Decision curve analysis
To evaluate the clinical utility of the prediction models, DCA was performed to assess the net benefit across a range of threshold probabilities (Figure 6(b)). The DCA curves indicated that, within a wide threshold interval (approximately 10%–50%), applying ML models—such as AdaBoost or XGBoost—yielded higher net benefit compared with the default strategies of treating all or treating none. Specifically, the AdaBoost model demonstrated the highest or near-highest net benefit across most thresholds, suggesting that clinical decisions informed by this model could reduce both overtreatment and undertreatment. In the low-risk range (thresholds between 10% and 30%), the net benefit of AdaBoost and XGBoost exceeded that of other models. At intermediate thresholds (30%–50%), the performance of the top models converged, with all clearly outperforming the default strategies. The decision curves for ridge logistic regression and random forest were slightly lower than those of AdaBoost but remained above the treat-all and treat-none lines, indicating meaningful benefit. Overall, the DCA supported the potential clinical value of LDAR-based ML models in guiding early intervention decisions. In critically ill patients with GI malignancies, model-informed risk prediction may facilitate more effective and individualized clinical management.
Model interpretation: SHAP analysis
To elucidate the decision process of the best-performing model (AdaBoost), SHAP were used to quantify the impact and direction of each variable on predicted 28-day mortality risk (Figure 7). The SHAP summary plot ranked features by their average absolute contribution to model output. Among all predictors, SAPS II showed the highest overall importance, with the widest SHAP value distribution, indicating its consistent influence across patients. LDH, the use of CRRT, and LDAR followed closely, reinforcing their substantial contributions to the model's mortality prediction.

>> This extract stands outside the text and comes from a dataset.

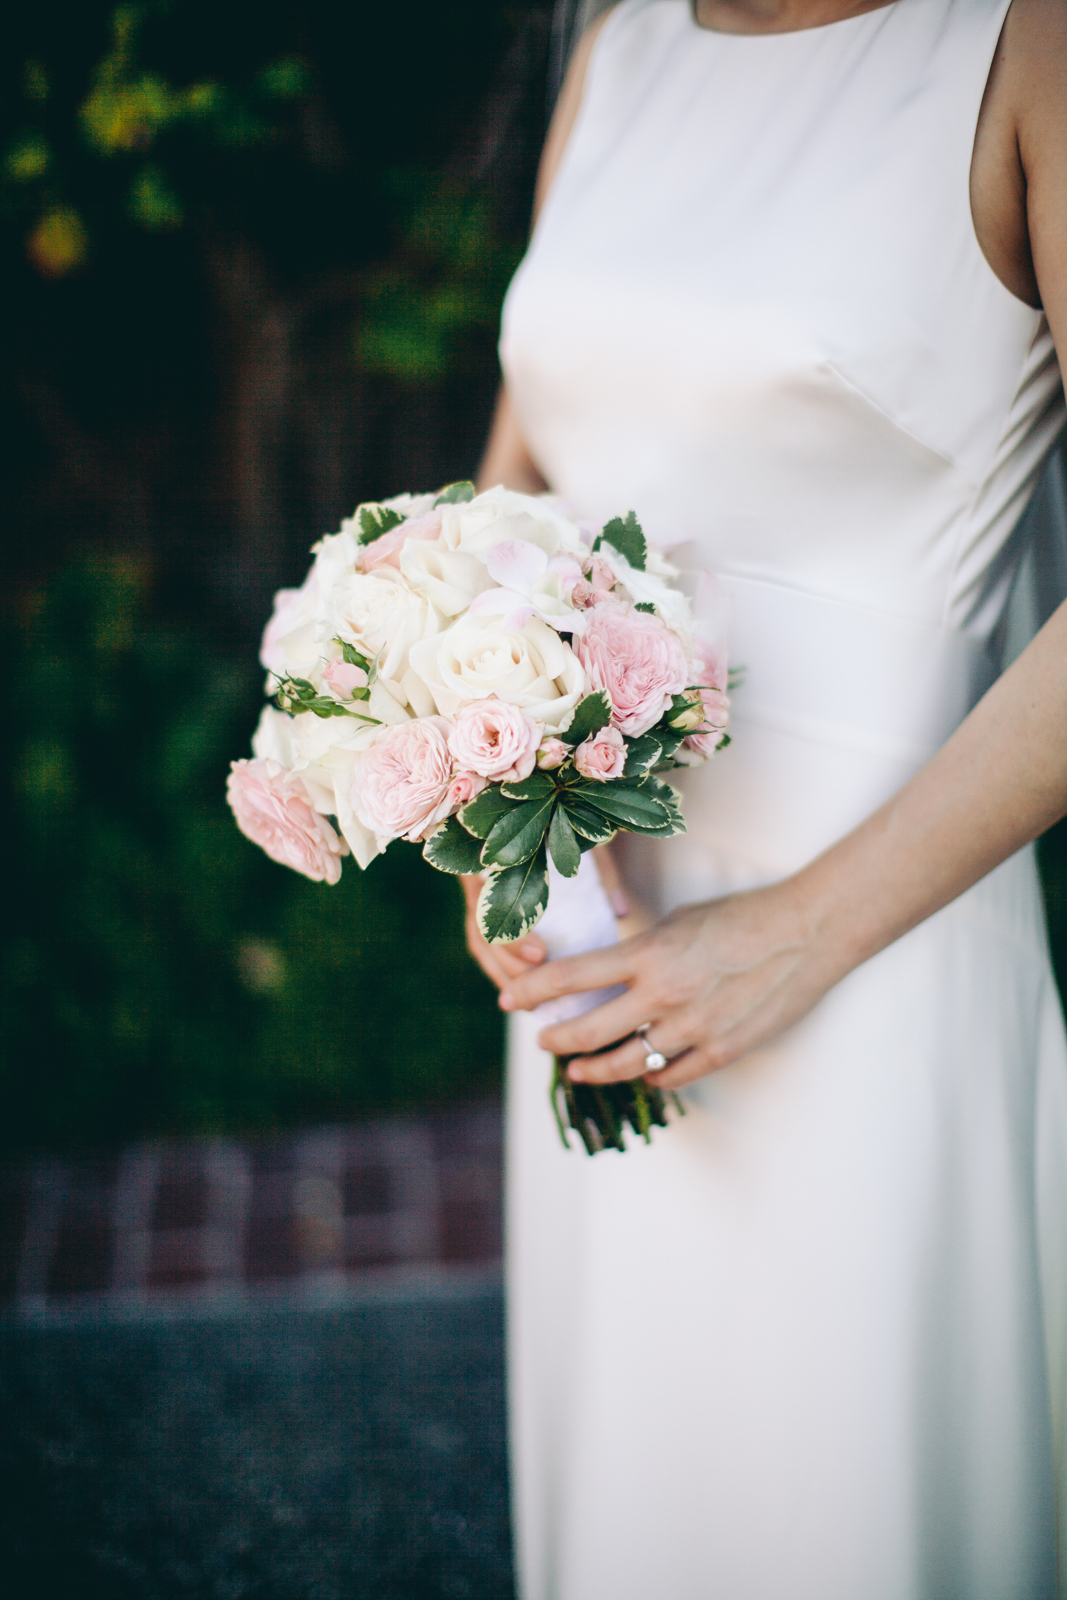 kohl_manison_wedding_photography_sarah_eric_ebony_siovhan_bokeh_photography_037.jpg
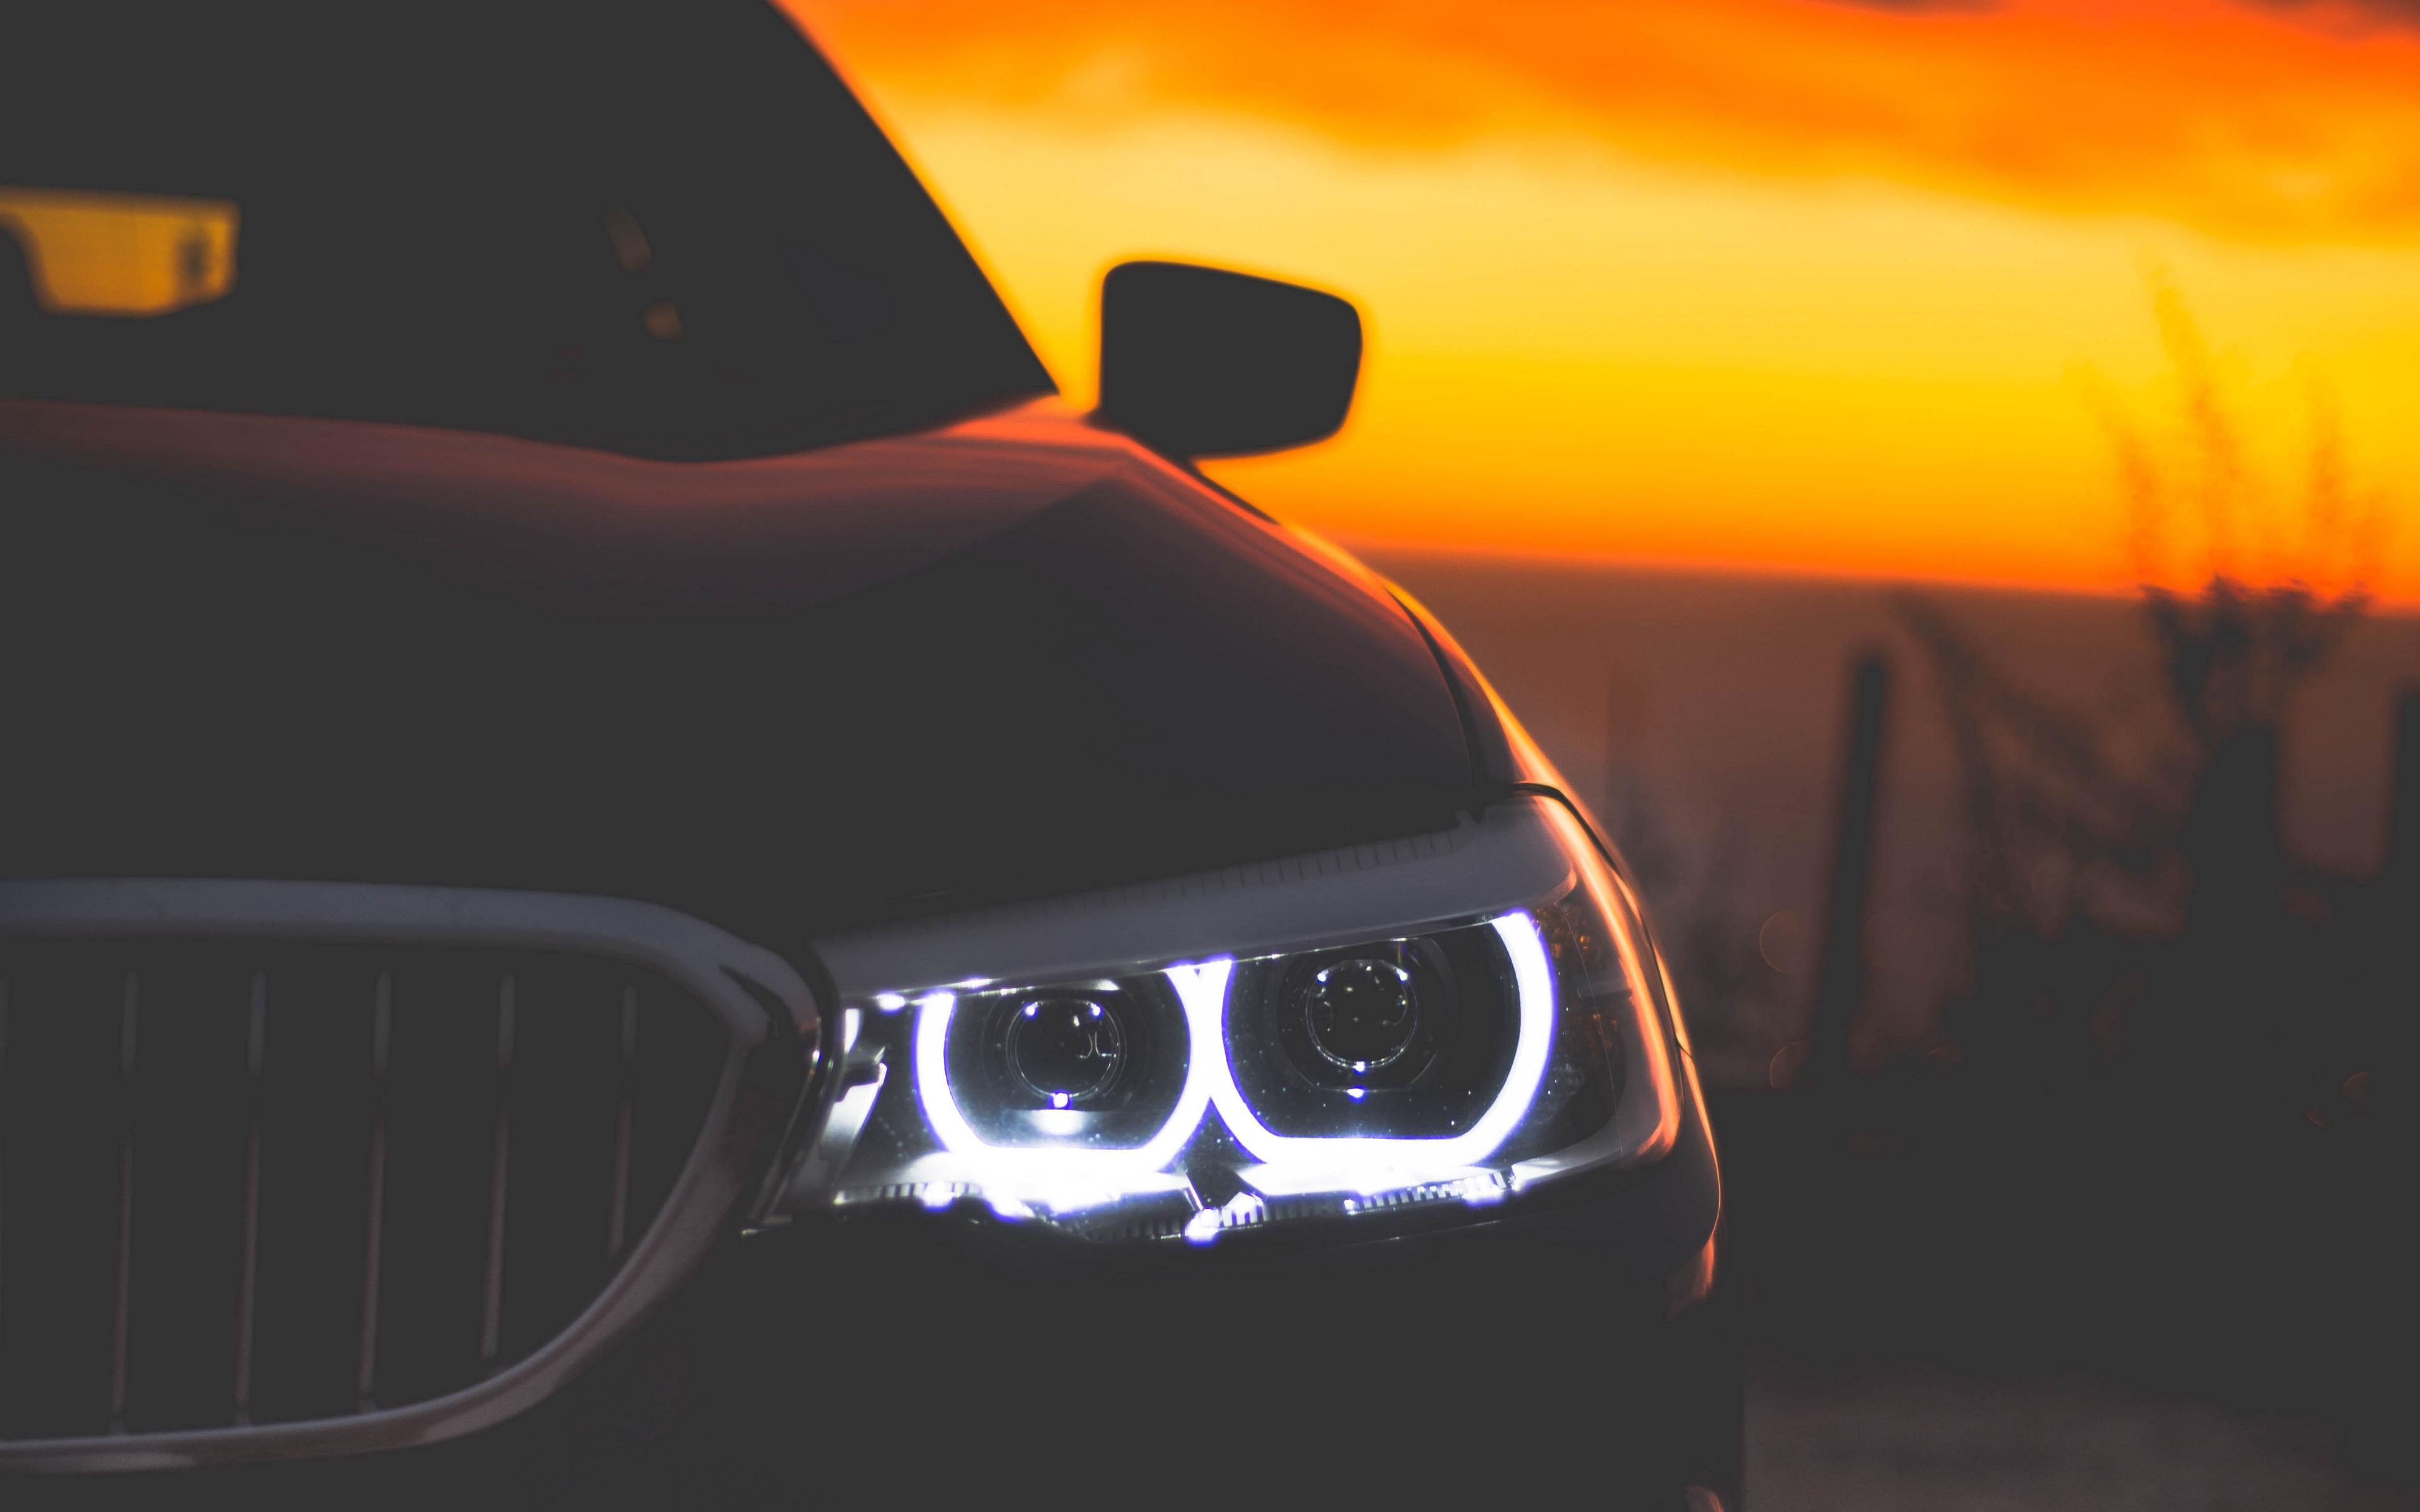 Bmw Lights 4k, HD Cars, 4k Wallpapers, Images, Backgrounds ...

LDAR, as an input variable, exhibited a predominantly positive SHAP distribution, with higher values (depicted in red) associated with increased predicted mortality risk, while lower values (blue) were linked to reduced risk. This pattern was consistent with findings from logistic regression analysis. In addition to LDAR, other influential features included SAPS II, LDH, CRRT, and coagulation markers such as APTT, all associated with positive SHAP values. Variables such as heart rate, respiratory rate, BUN, serum potassium, and glucose also contributed meaningfully, particularly when abnormal. These features tended to produce positive SHAP values, suggesting that physiological derangements in these parameters were linked to higher mortality predictions. Conversely, chronic comorbidity indicators such as the Charlson Comorbidity Index and metastatic solid tumor status appeared near the bottom of the SHAP ranking, suggesting relatively minor influence on short-term risk prediction compared to acute physiological and biochemical variables. Overall, the SHAP analysis confirmed the clinical plausibility of the model's outputs. The model's reliance on LDAR and other established clinical indicators supported the interpretability and transparency of AdaBoost predictions, reinforcing its potential value in clinical decision-making rather than functioning as a “black box.”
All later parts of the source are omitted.